Gold Future Outlook:
Much of the focus in Comex metals this week may be the start of the roll-over into future contract months, particularly since the U.S. economic calendar is light, says George Gero, precious-metals strategist and vice president with RBC Capital Markets Global Futures. Gold is softer so far this morning, but Gero describes this as largely selling to book profits after the market digested key news events last week, including quantitative easing and U.S. non-farm payrolls. Some traders are likely to start adding sell stops in order protect their profits if the market should pull back, he adds. This is not immediate selling, but selling that would be hit if these pre-placed orders were triggered. “There is not much in the way (economic) news this week. It could be a light, quiet week, although it is the beginning of rollover,” Gero says. Traders will likely start rolling December gold into February, and December silver and copper positions into the March futures, he explains.

George Gero also says that gold could hit $1,500 by the end of the year as record open interest provides good support for technical trading.

Gold "remains vulnerable to risk reduction and short-covering rallies in the dollar," says James Moore, analyst at thebulliondesk.com. Moore, however, does believes that investors will continue to move into gold as protection against the Fed's looser monetary policy.

Precious metals will benefit as China invests in more commodities, Lind-Waldock’s Klopfenstein said.
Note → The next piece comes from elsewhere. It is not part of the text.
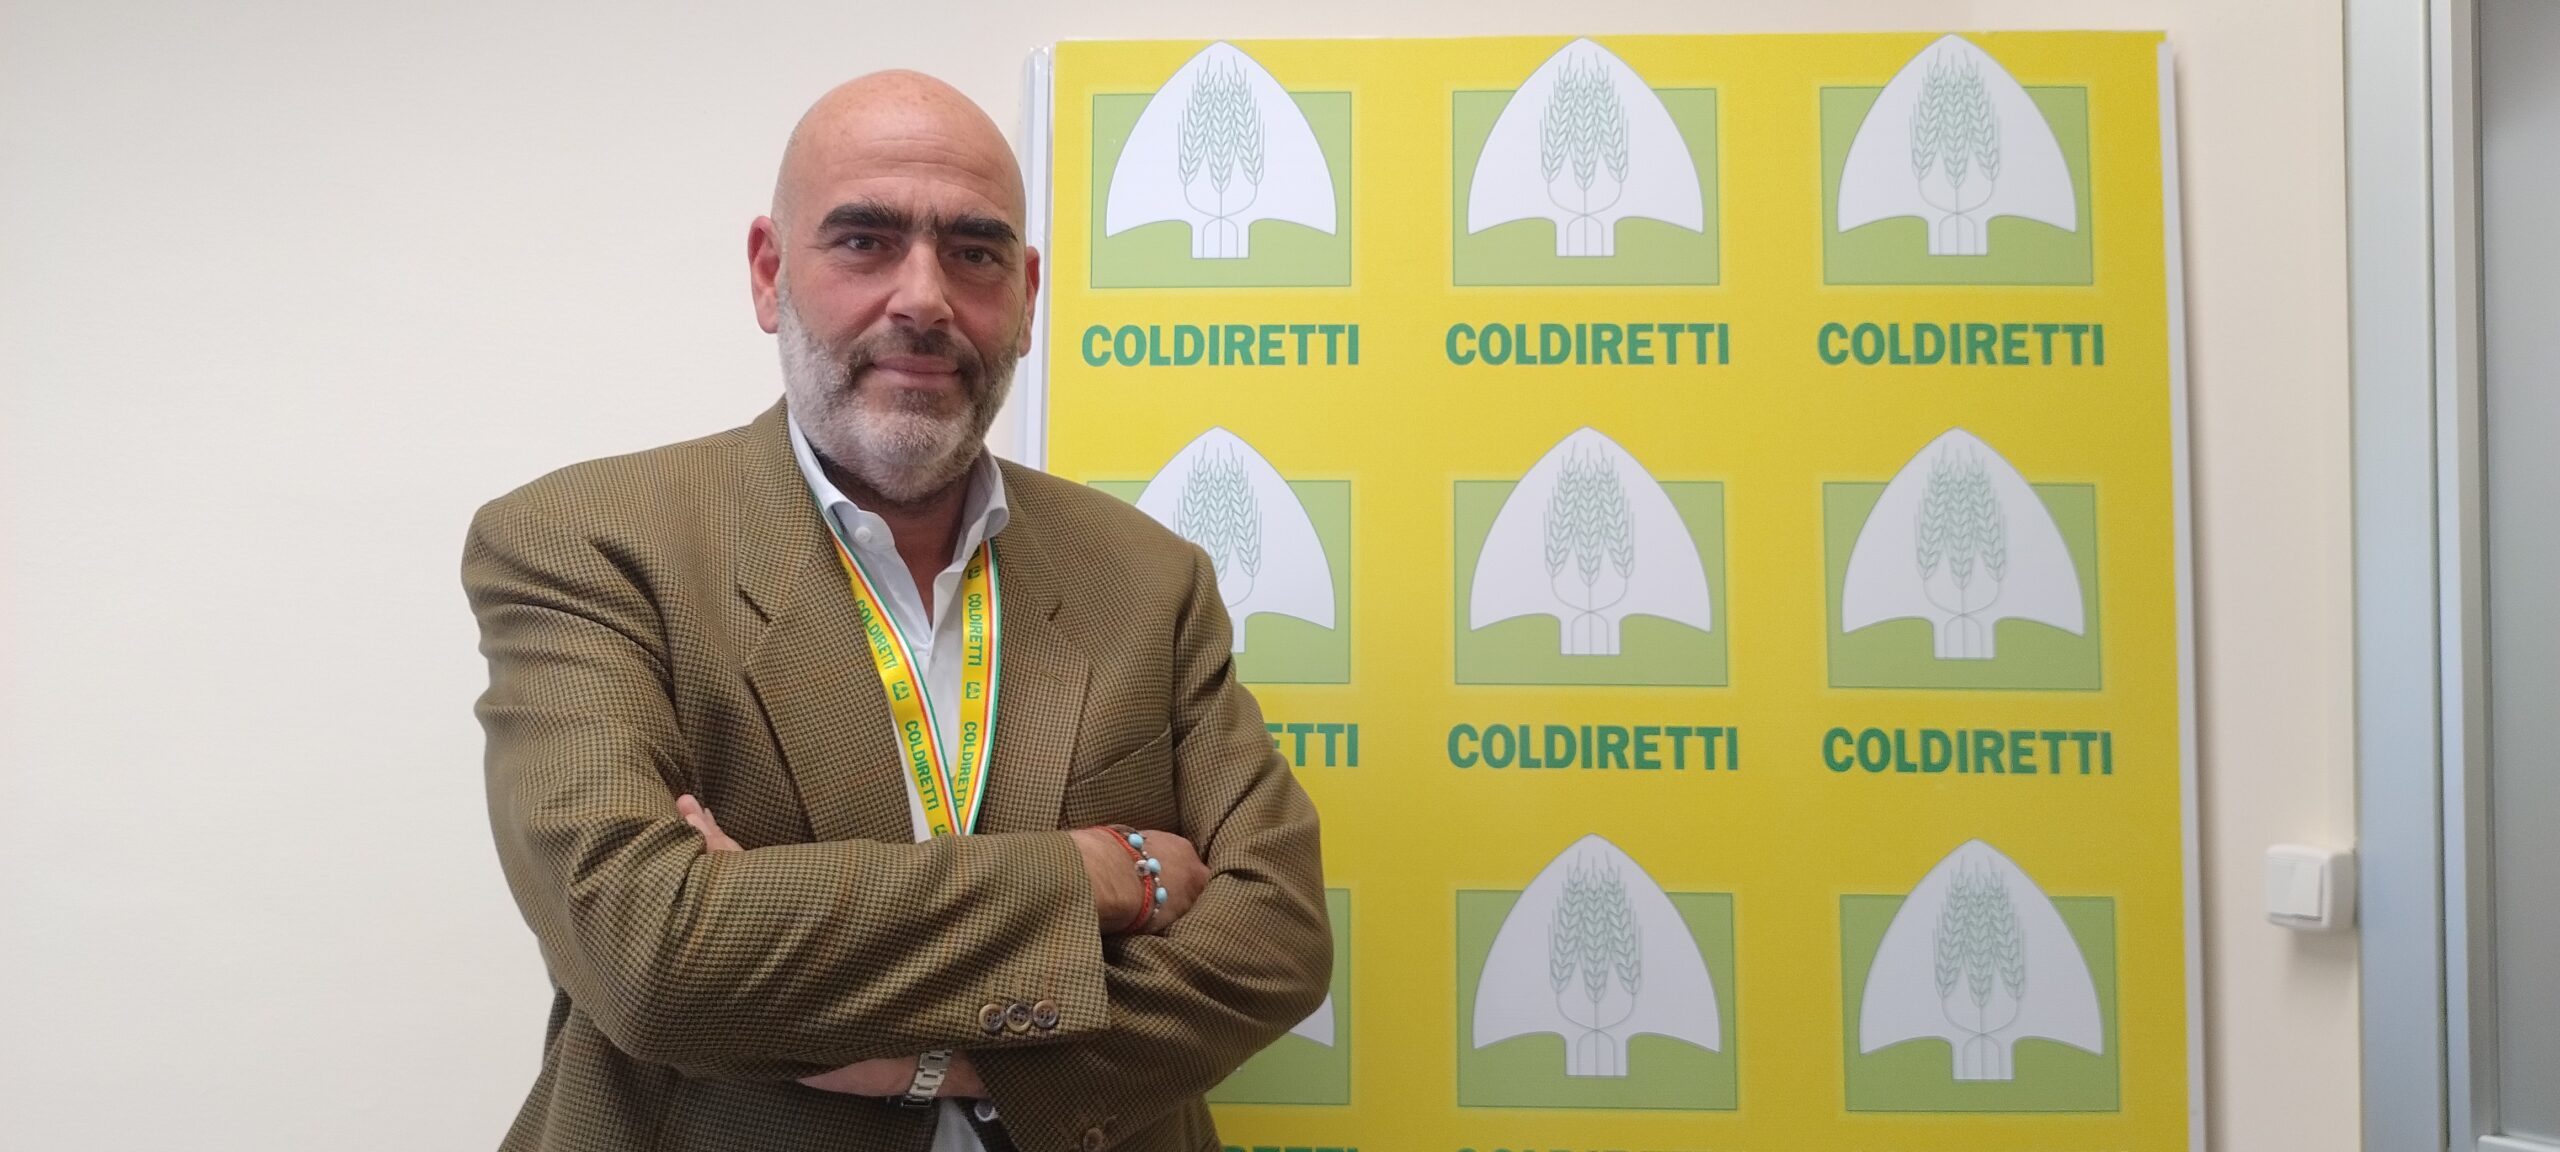 Campania: Coldiretti “Plauso per stop a fotovoltaico”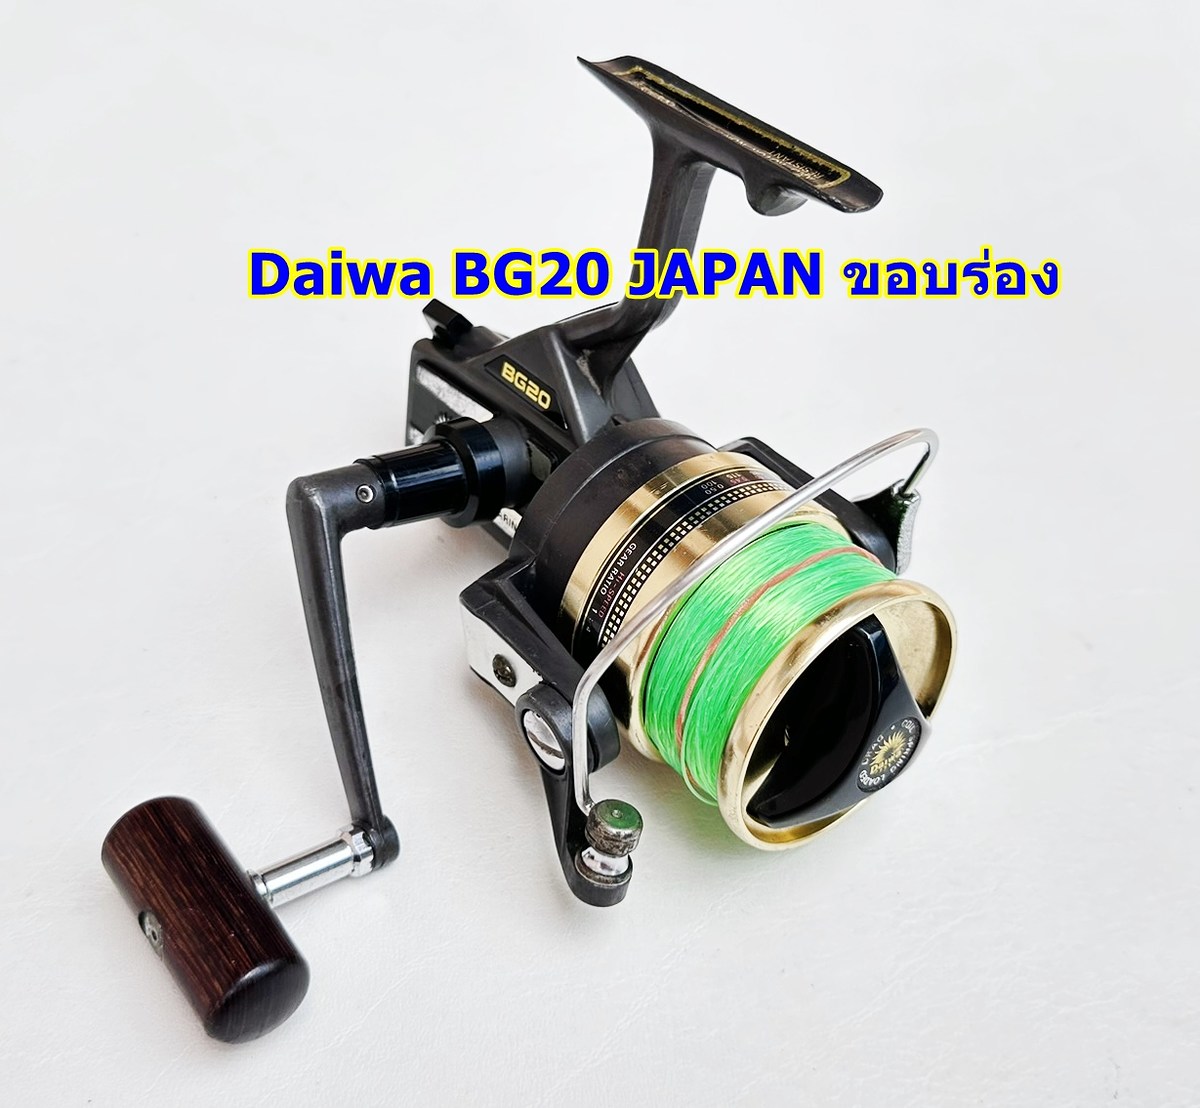 Daiwa BG20 Japan ขอบร่อง

The country has become the world’s biggest market for commodities-futures trading, Jiang Yang, the chairman assistant of the China Securities Regulatory Commission, said at a conference in Guangzhou on Nov. 6.

“Gold will benefit from any sovereign-debt fallout,” said Matthew Zeman, a metal trader at LaSalle Futures Group in Chicago. “Gold is going to continue to be bought on dips because no one believes the dollar can stage a significant rally.”
“The debt load that countries are carrying makes people want to go into gold,” LaSalle’s Zeman said.

The ability of gold and silver prices to hold up despite recent declines in the net long position of speculative accounts suggests that any correction in the metals could be modest, says Commerzbank. Gold overnight threatened $1,400 an ounce again and was just shy of 1,000 euros.  Commerzbank says “the reduction of (speculative long) positions has not been accompanied by falling prices in the case of gold and silver, so the correction potential for these two precious metals is likely to be limited in our view, even if we do see a further fall in positions.”

Technical Analysis (by Jim Wyckoff):
Technically, December gold futures prices closed nearer the session high Monday. Gold bulls have the solid overall near-term and longer-term technical advantage, and gained more upside power Monday. A 3.5-month-old uptrend on the daily bar chart is in place.
Bulls' next near-term upside technical objective is to produce a close above technical resistance at $1,450.00. Bears' next near-term downside price objective is closing prices below solid technical support at $1,350.00. First resistance is seen at Monday's all-time high of $1,407.20 and then at $1,412.50.
Support is seen at $1,400.00 and then at $1,390.00.
Wyckoff's Market Rating: 9.5.

Daily Gold and Silver Expected Range:
Gold: US$1385- $1424
Silver: US$26.95 - $27.95

Weekly Technical Outlook ( by Phil Smith)
The market reacted to its very overbought condition after hitting a key Fibonacci Projection level on the daily

chart. It is now driving higher towards the next Projection level on the weekly as you can clearly see on the second chart.
I’ve put a Fibonacci Projection on this chart drawn from the points indicated and you can see that the 38.2 pct was significant as was the 61.8 pct although there was some penetration. The 61.8 pct was also support as you can see. According to this the long term first target is 1,454. But remember but all measures this market is well overbought.
Caution is needed. Check out the Relative Momentum Index which is at levels where pullbacks have occurred in the past. Overall the weekly gold chart is bullish but still overbought.